Ego Habui Monte Vermont

Ego habui monte Vermont. Doesn’t much matter whether you read Latin. The first and last words are the most important.



I lived in Midtown by way of Capitan, New Mexico. Manhattan was not a super happy place in 2002, and the city isn’t a natural fit for people like me, regardless. Autumn of that year I started looking for a weekend getaway. Real estate seemed a safer place to park what savings I had left after the stock market tanked.

The green wilderness of Vermont: pristine as advertised. I found my mountain on Fire Hill Road between Pittsford and Rutland, where the express train dropped me.

It’s a little mountain, some 830 feet of rise, and affordable because of difficult access, meaning if you left the dirt road you would not ascend so much as impact the land. No worries. I have heavy equipment. I have a chainsaw. Talent with explosives, if required.

The sellers, two bickering siblings, were the last of their clan. Previous owner of the property: The Church of England. I thought that was cool at the time and no portent of how newcomers might be viewed up here.

There were bear, moose and fisher cats. Old growth timber. A crystalline spring. A dive bar only twenty minutes away. By 2003, my weekend retreat had become something grander in scope, something worthy of sabbatical. But I required help. Or a reliable witness.

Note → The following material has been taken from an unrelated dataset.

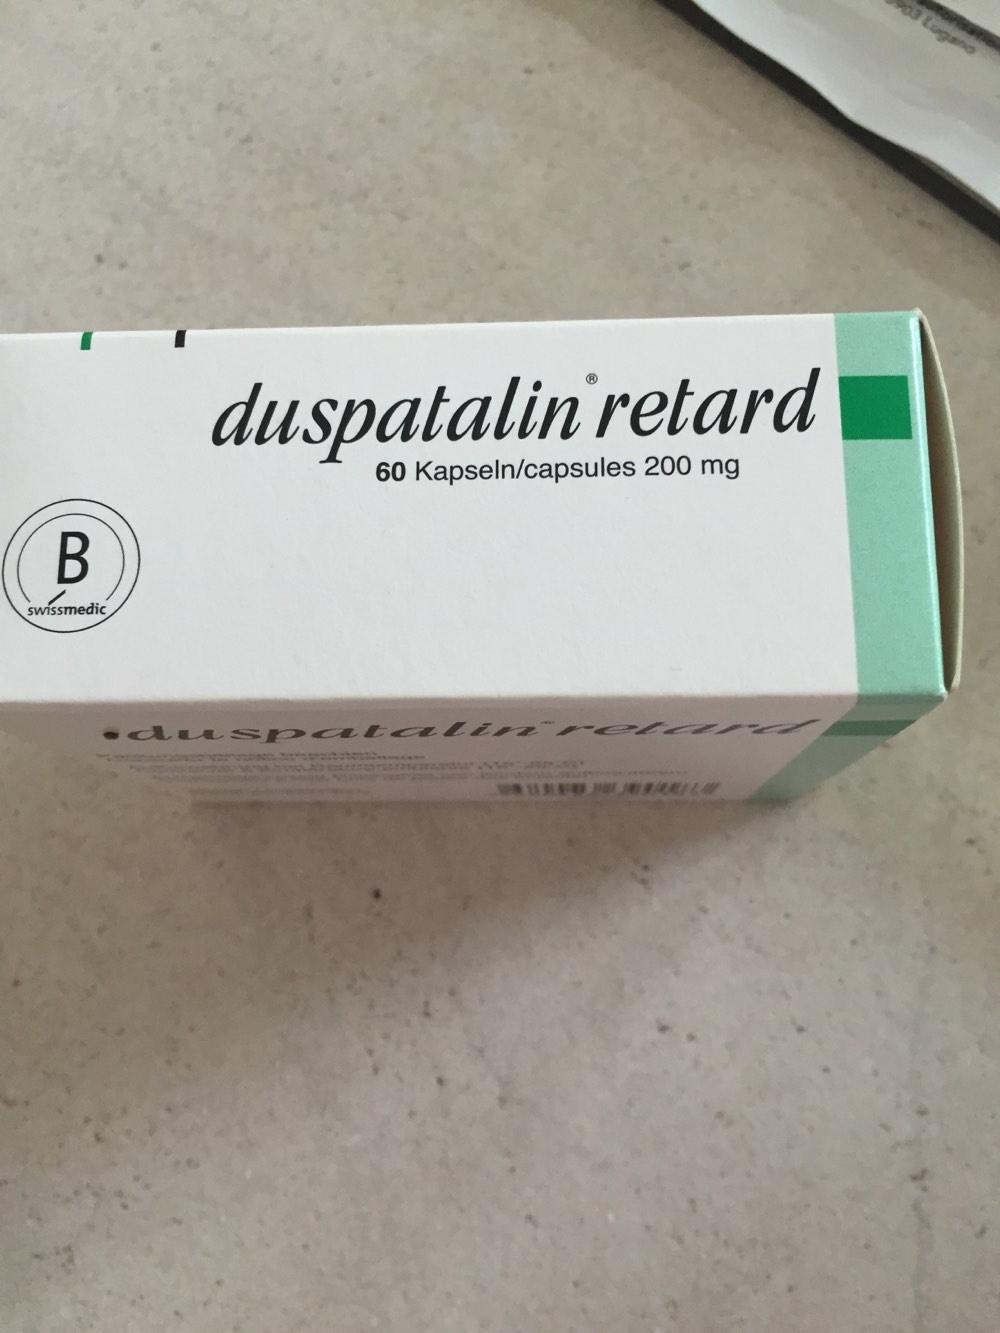 Duspatalin  retard - Product
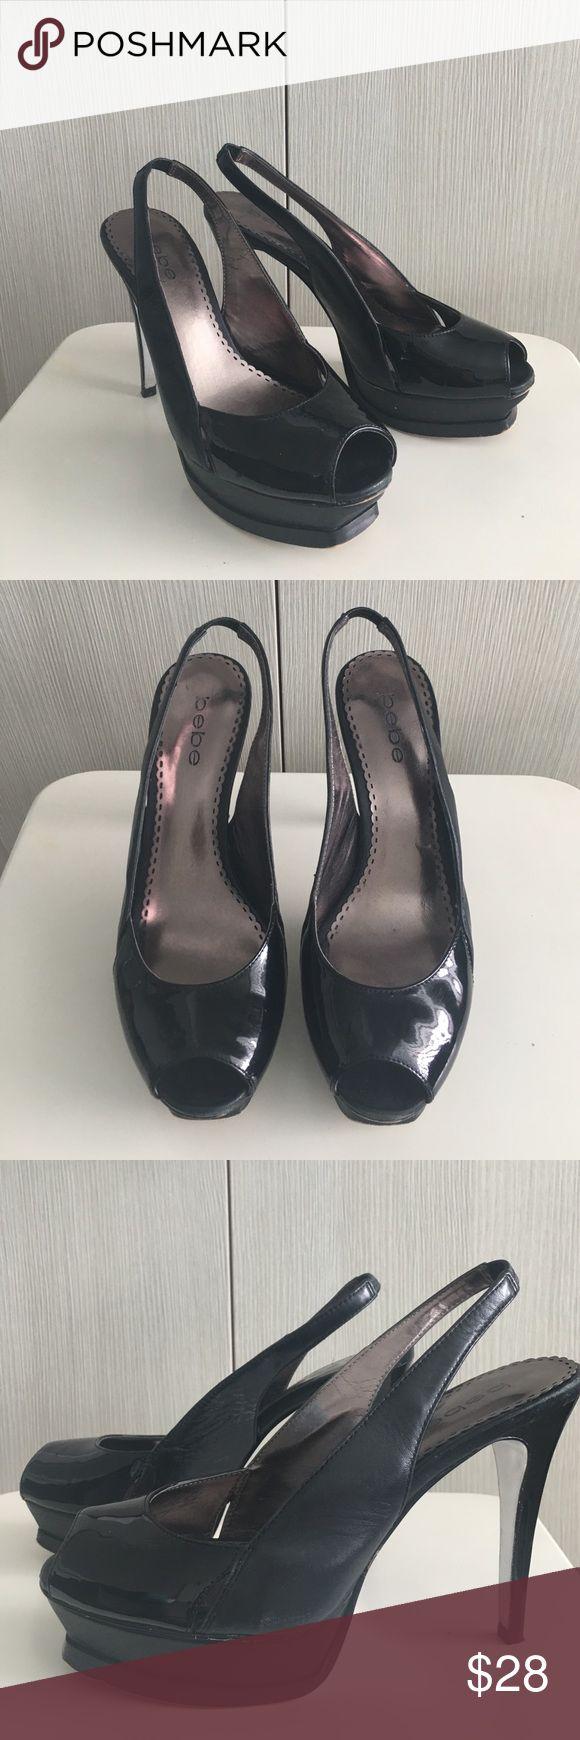 "Bebe wedge high heels black Bebe wedge high heels in black. Mix of matte and glossy leather top. 1"" wedge bottoms, 4.5"" heels. In good condition. bebe Shoes Heels"

A friend, a poet and a wise man I’ve known more than twenty years, who spent his spare time working as a drafter for the City of Dallas, was recently laid off and seemed in need of temporary purpose. I pitched my idea.

“Bud, we shall make our way up the mountain and there build a proper cabin. We shall live deliberately, off the land, and occasionally visit Price Chopper for provisions.”

“I’ll get my toothbrush.”

We loaded a triple-axle flatbed hitched to my F-450. He followed in his Jeep, towing still more equipment, flanking the Ozarks and traversing lengthwise the western foothills of the Appalachian Plateau. The third morning we awoke in a Rutland motor court, road weary but eager.

He took point this time, through town and into the countryside. I required 13 feet of clearance and 20 tons of load capacity across bridges. We arrived at noon three days before Halloween. With a bit of sawing, a bit of pushing, we got vehicles and implements a few feet off the road by late afternoon.

We assembled a plywood enclosure on the gooseneck and there made basecamp; me, Bob, and a mastiff named Brutus. We imagined tough work ahead. Imagined we were equal to it. We had yet to introduce ourselves, so we caught stares from the half dozen passersby.

As the moon rose, I played the pocket harp while we sipped Jack Daniels and smoked hand-rolled cigarettes beside a small campfire. Bob wondered aloud just how relative the term comfortable would become. He’d heard New England could get a bit nippy toward year’s end. And into March.

“Smell like rain to you?” he said.

“Nah.”

A sudden downpour quashed the fire and ran us into our box. We huddled there most of the next day, too, the slope above us churned into mud-flavored Jell-O.